### TASK TO COMPLETE
Everything in the data that follows should be given again verbatim, except the images.

### DATA SEGMENT
════
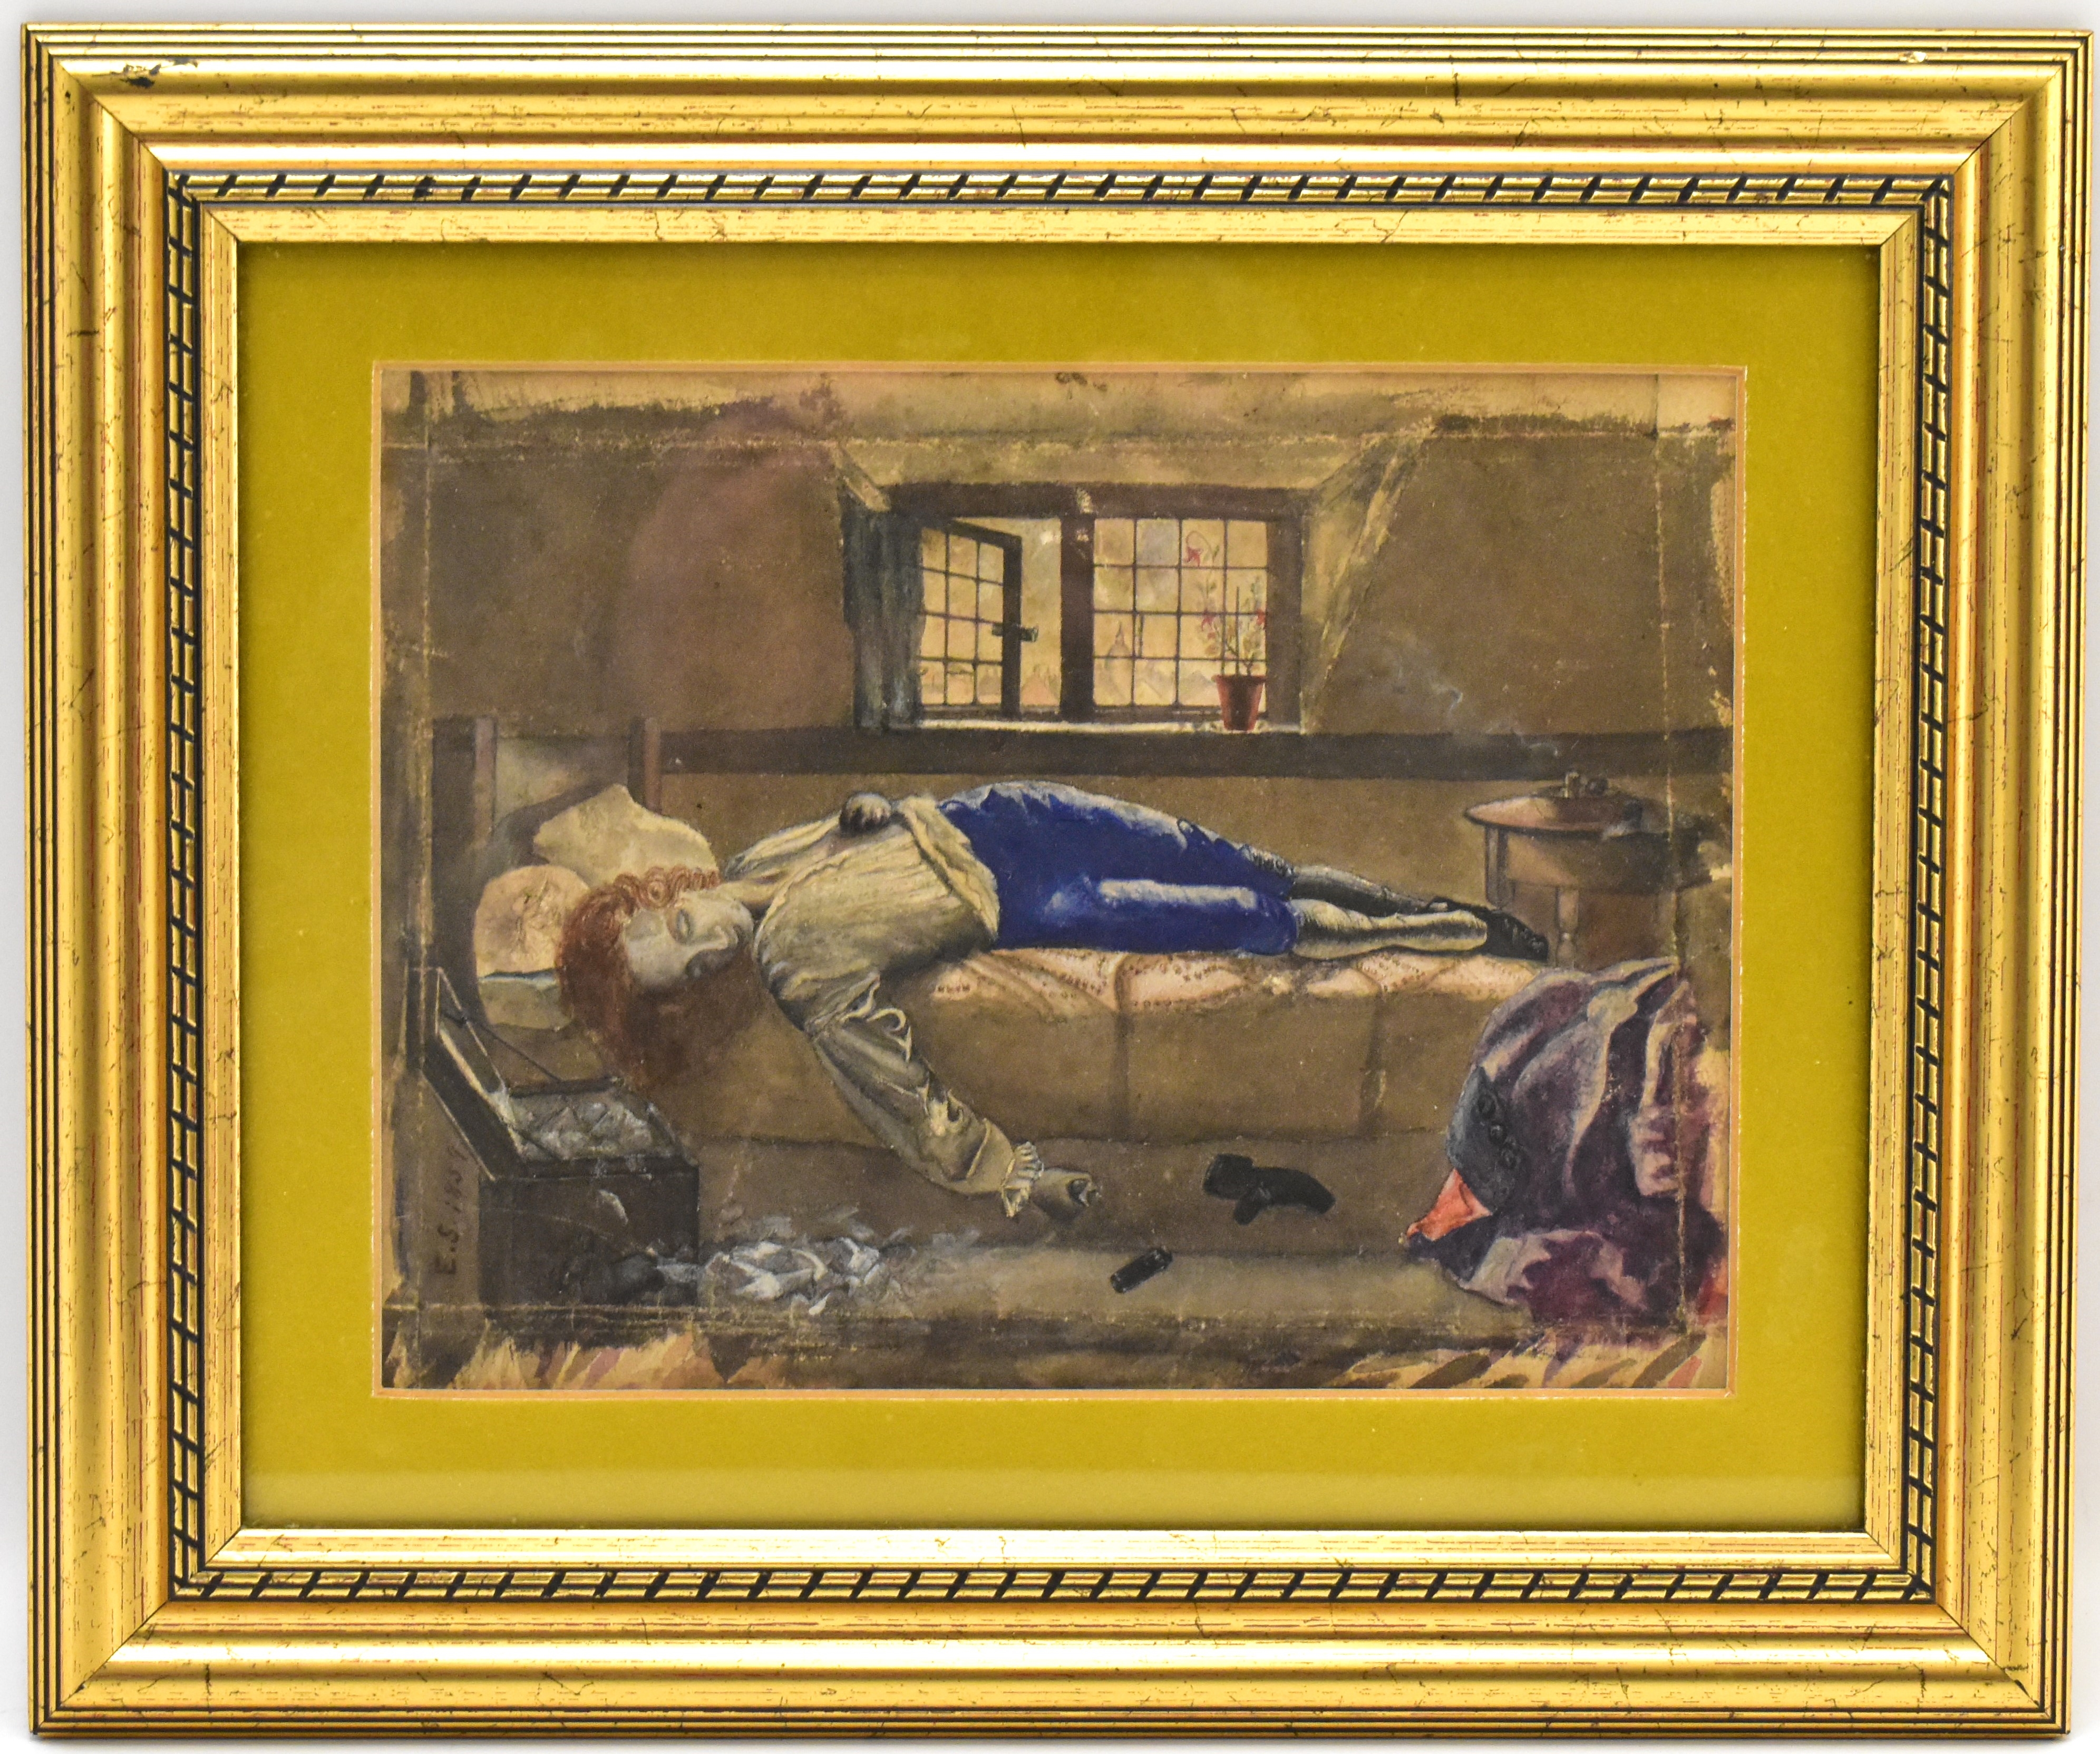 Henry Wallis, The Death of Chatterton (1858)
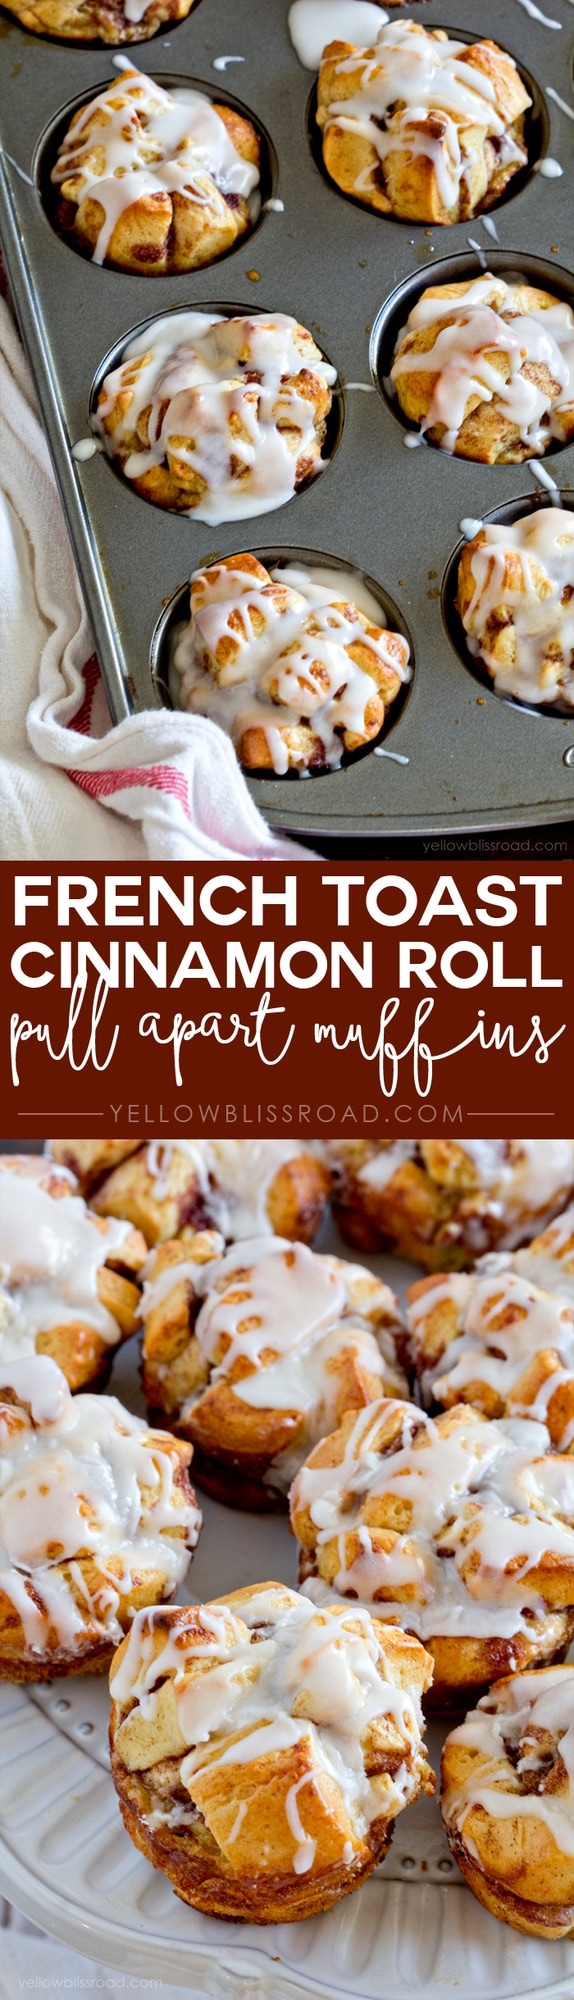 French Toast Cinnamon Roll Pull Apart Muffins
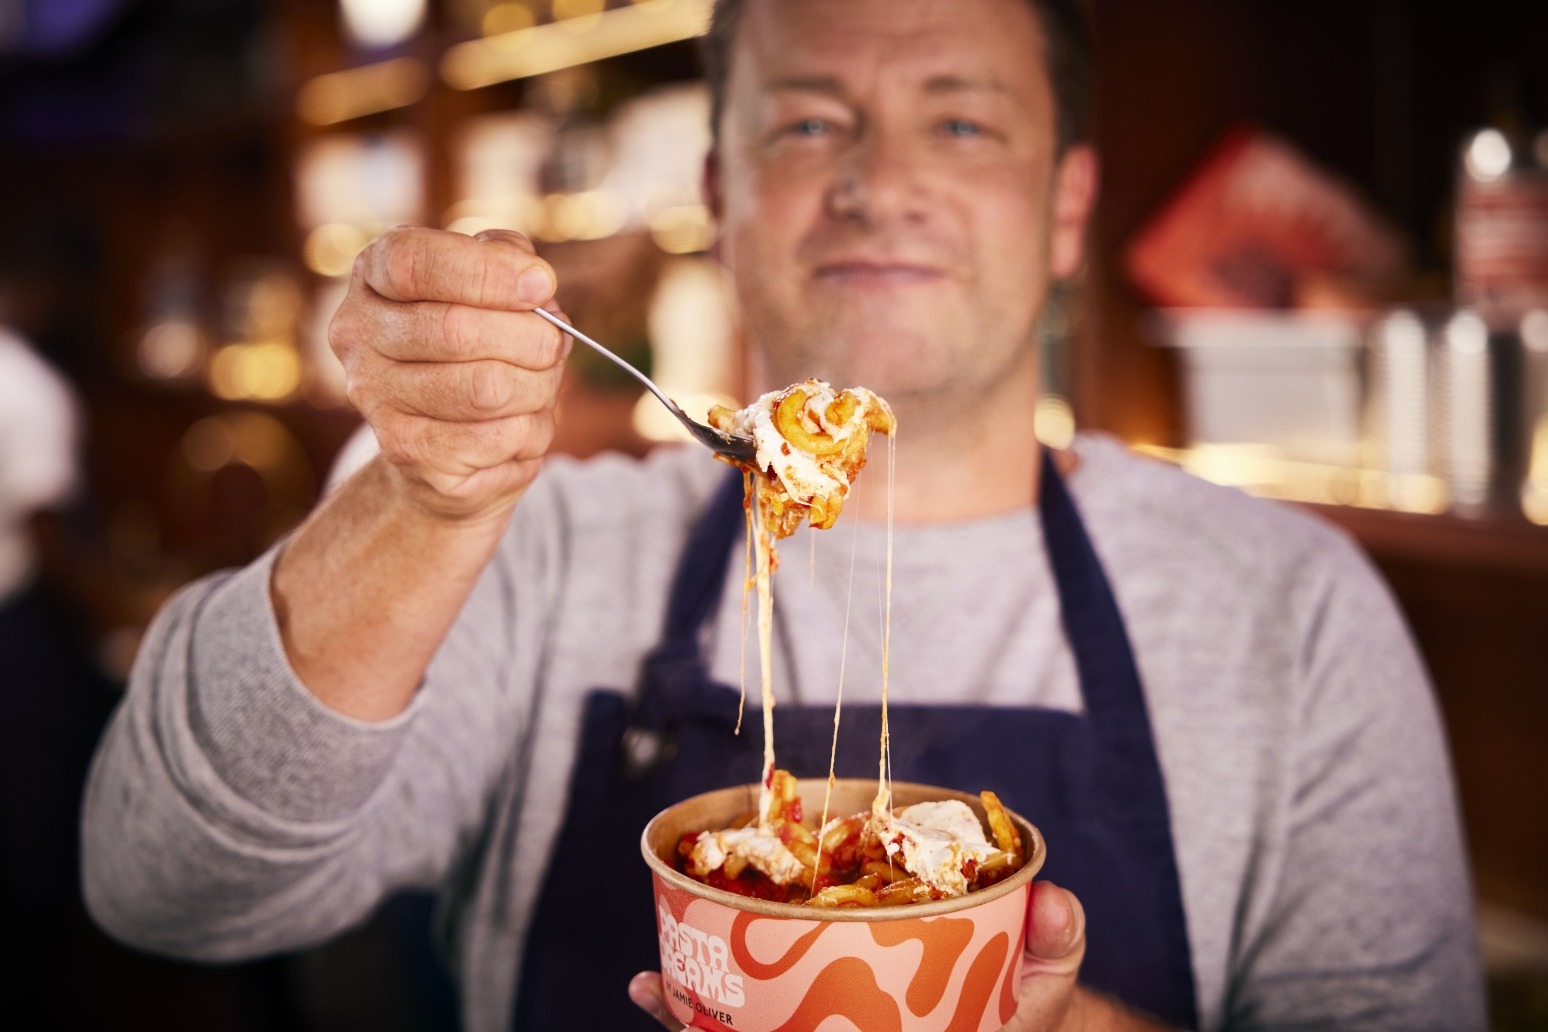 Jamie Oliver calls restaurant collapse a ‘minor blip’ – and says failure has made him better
════
### ANSWER
 Henry Wallis, The Death of Chatterton (1858)
 French Toast Cinnamon Roll Pull Apart Muffins
 Jamie Oliver calls restaurant collapse a ‘minor blip’ – and says failure has made him better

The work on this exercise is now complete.